Number of failure domains Redundancy mode How many failure domains can fail without data loss Storage overhead Comment
1 1+0 (no redundancy) 0 0% Stored data has no redundancy
2 1+1 1 100% Stored data will not have redundancy in case of single domain failure
1+0 (no redundancy) 0 0% Stored data has no redundancy
3 1+2 2 200% Not enough failure domains to provide high availability in case of single domain failure
2+1 1 50% Stored data will not have redundancy in case of single domain failure
1+0 (no redundancy) 0 0% Stored data has no redundancy
4 1+2 2 200% Recommended
2+2 2 100% Not enough failure domains to provide high availability in case of single domain failure
3+1 1 33% Stored data will not have redundancy in case of single domain failure
1+0 0 0% Stored data has no redundancy
5 2+2 2 100% Recommended
3+2 2 67% Not enough failure domains to provide high availability in case of single domain failure
6 3+2 2 67% Recommended
4+2 2 50% Not enough failure domains to provide high availability in case of single domain failure
7 4+2 2 50% Recommended
5+2 2 40% Not enough failure domains to provide high availability in case of single domain failure
8 5+2 2 40% Recommended for low overhead
4+2 2 50% Recommended for high performance
9 6+2 2 33% Recommended for low overhead
4+2 2 50% Recommended for high performance
5+3 3 60% Recommended for high reliability
10 7+2 2 29% Recommended for low overhead
4+2 2 50% Recommended for high performance
6+3 3 50% Recommended for high reliability
11 8+2 2 25% Recommended for low overhead
4+2 2 50% Recommended for high performance
7+3 3 43% Recommended for high reliability
12 9+2 2 22% Recommended for low overhead
4+2 2 50% Recommended for high performance
8+3 3 38% Recommended for high reliability
13 10+2 2 20% Recommended for low overhead
4+2 2 50% Recommended for high performance
9+3 3 33% Recommended for high reliability
14 11+2 2 18% Recommended for low overhead
4+2 2 50% Recommended for high performance
10+3 3 30% Recommended for high reliability
15 12+2 2 17% Recommended for low overhead
4+2 2 50% Recommended for high performance
11+3 3 27% Recommended for high reliability
16 13+2 2 15% Recommended for low overhead
4+2 2 50% Recommended for high performance
12+3 3 25% Recommended for high reliability
17 14+2 2 14% Recommended for low overhead
4+2 2 50% Recommended for high performance
13+3 3 23% Recommended for high reliability
18 15+2 2 13% Recommended for low overhead
4+2 2 50% Recommended for high performance
14+3 3 21% Recommended for high reliability
19 16+2 2 13% Recommended for low overhead
4+2 2 50% Recommended for high performance
15+3 3 20% Recommended for high reliability
20 17+2 2 12% Recommended for low overhead
4+2 2 50% Recommended for high performance
16+3 3 19% Recommended for high reliability
20+ 17+2 2 12% Recommended for low overhead
4+2 2 50% Recommended for high performance
16+3 3 19% Recommended for high reliability

You can also create custom erasure coding modes by specifying the number of data fragments and parity fragments used for recovery.

The 1+0, 1+1, 1+2, and 3+1 encoding modes are meant for small clusters that have insufficient nodes for other erasure coding modes but will grow in the future.
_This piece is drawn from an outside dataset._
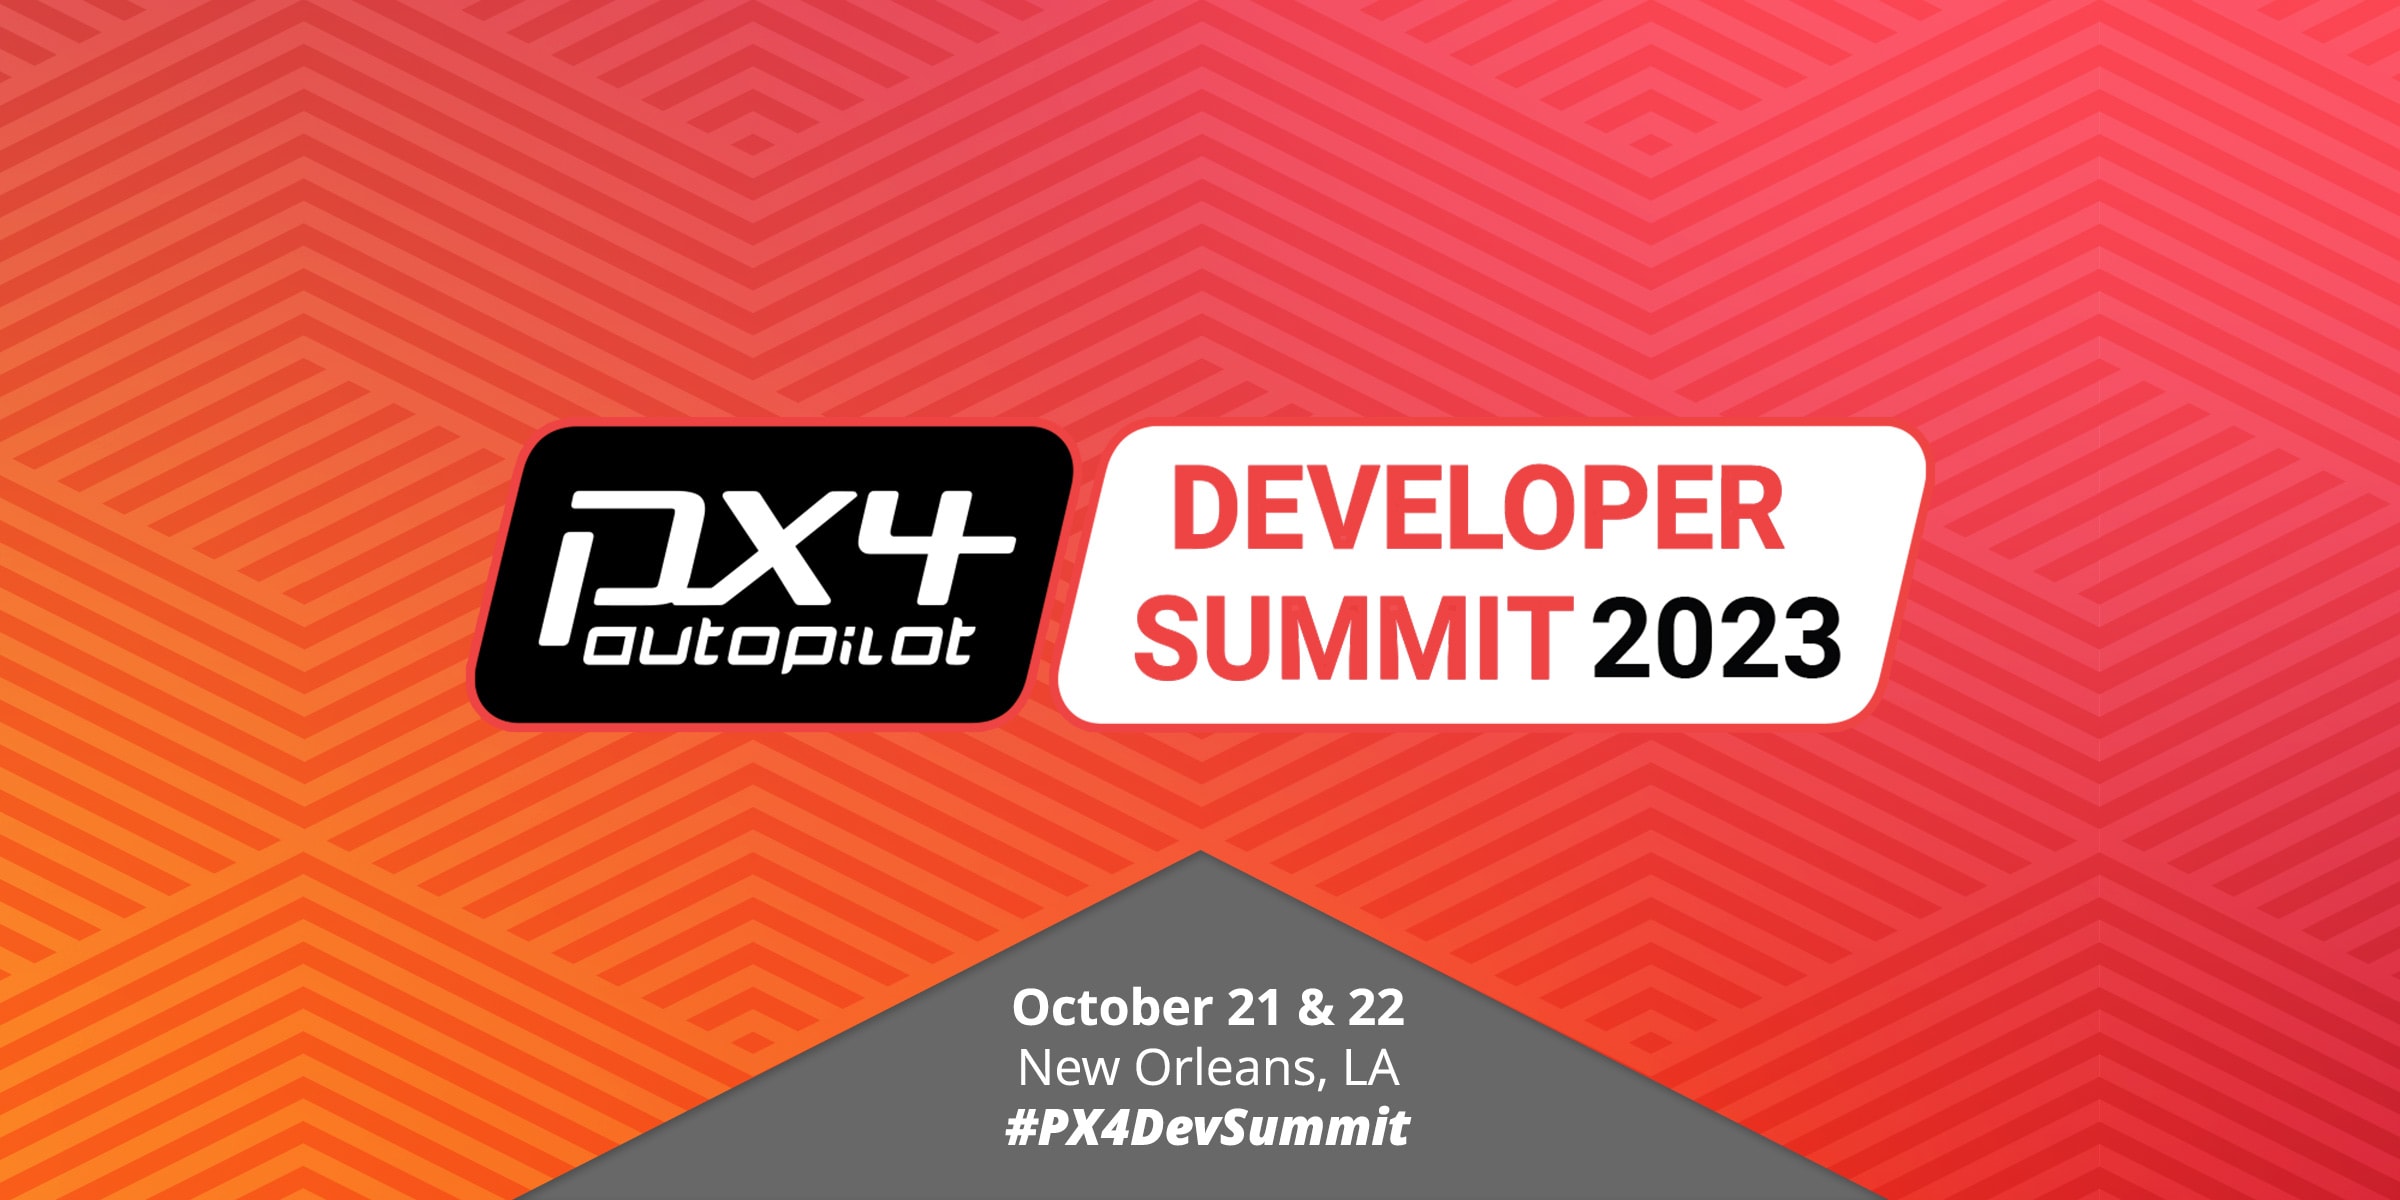 PX4 Autopilot, Developer Summit 2023. October 21 & 22. New Orleans, LA. @PX4DevSummit
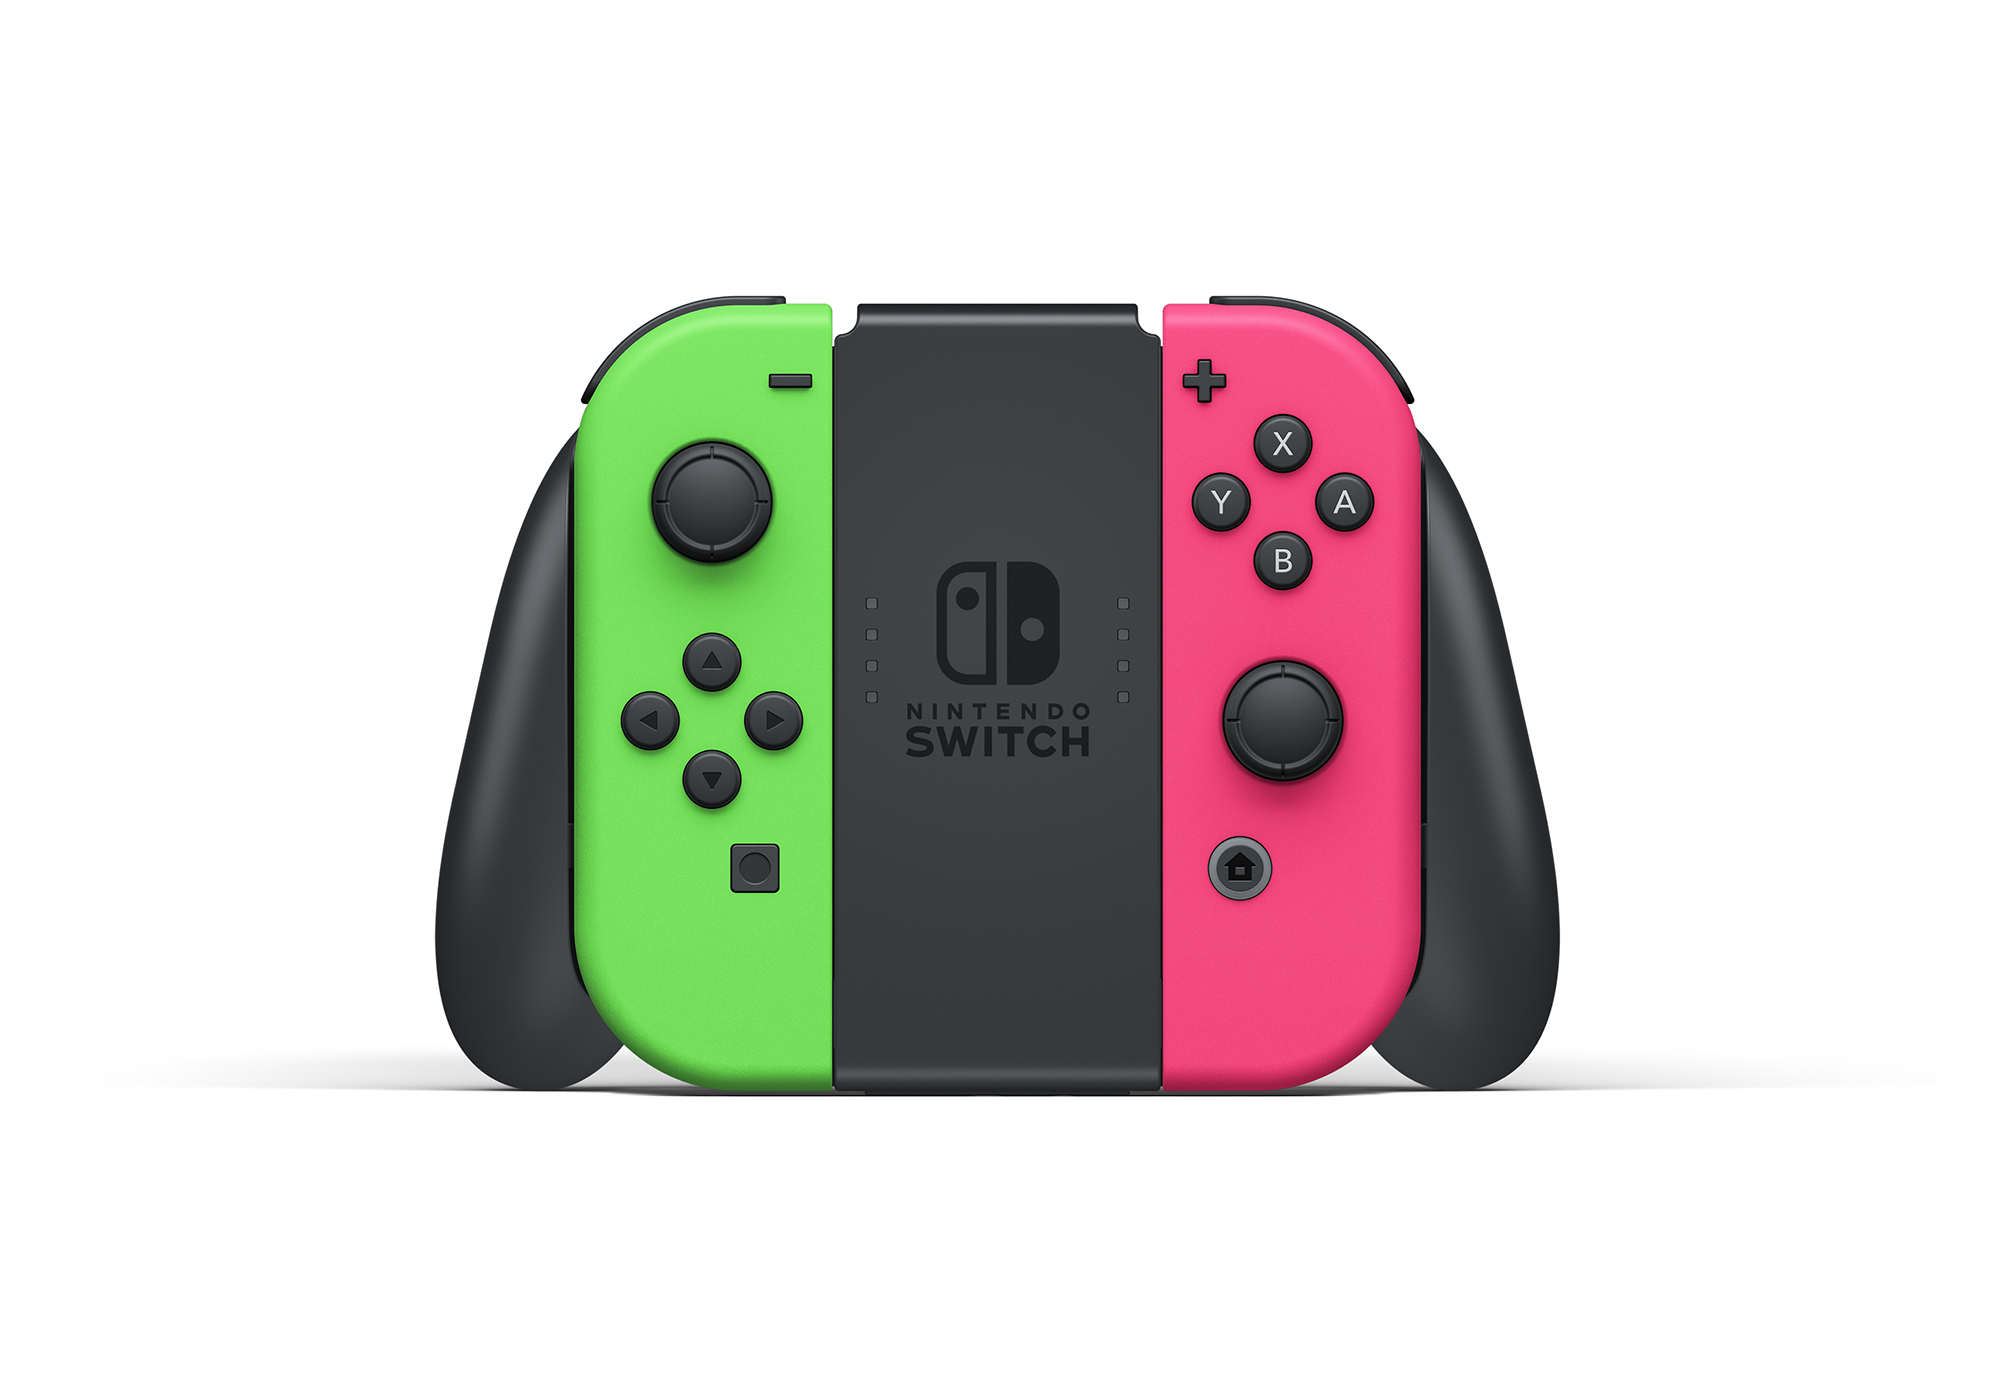 Nintendo Switch Hardware with Splatoon 2 + Neon Green/Neon Pink Joy-Cons (Nintendo Switch) - image 4 of 11

As a redundancy type cannot be changed once chosen (from replication to erasure coding or vice versa), this mode allows you to choose erasure coding even if your cluster is smaller than recommended. Once the cluster has grown, more beneficial redundancy modes can be chosen.

Cluster behavior during failures

By default, all encoding modes, except 1+0 and M+1, allow write operations when one failure domain (for example, a storage node or disk) is inaccessible. The cluster starts working in the read-only mode with disabled write operations in the following cases:

  • When redundancy is 1 (M+1 encoding mode) and one failure domain is inaccessible.
  • When redundancy is 2 (M+2 encoding mode) and two failure domains are inaccessible.

If the number of unavailable failure domains is higher than the redundancy factor, then data becomes unavailable even for reading and there is a high risk of data loss. Therefore, for production, it is strongly recommended to use redundancy modes with the redundancy factor 2 or 3, such as encoding M+2, encoding M+3, and 3 replicas.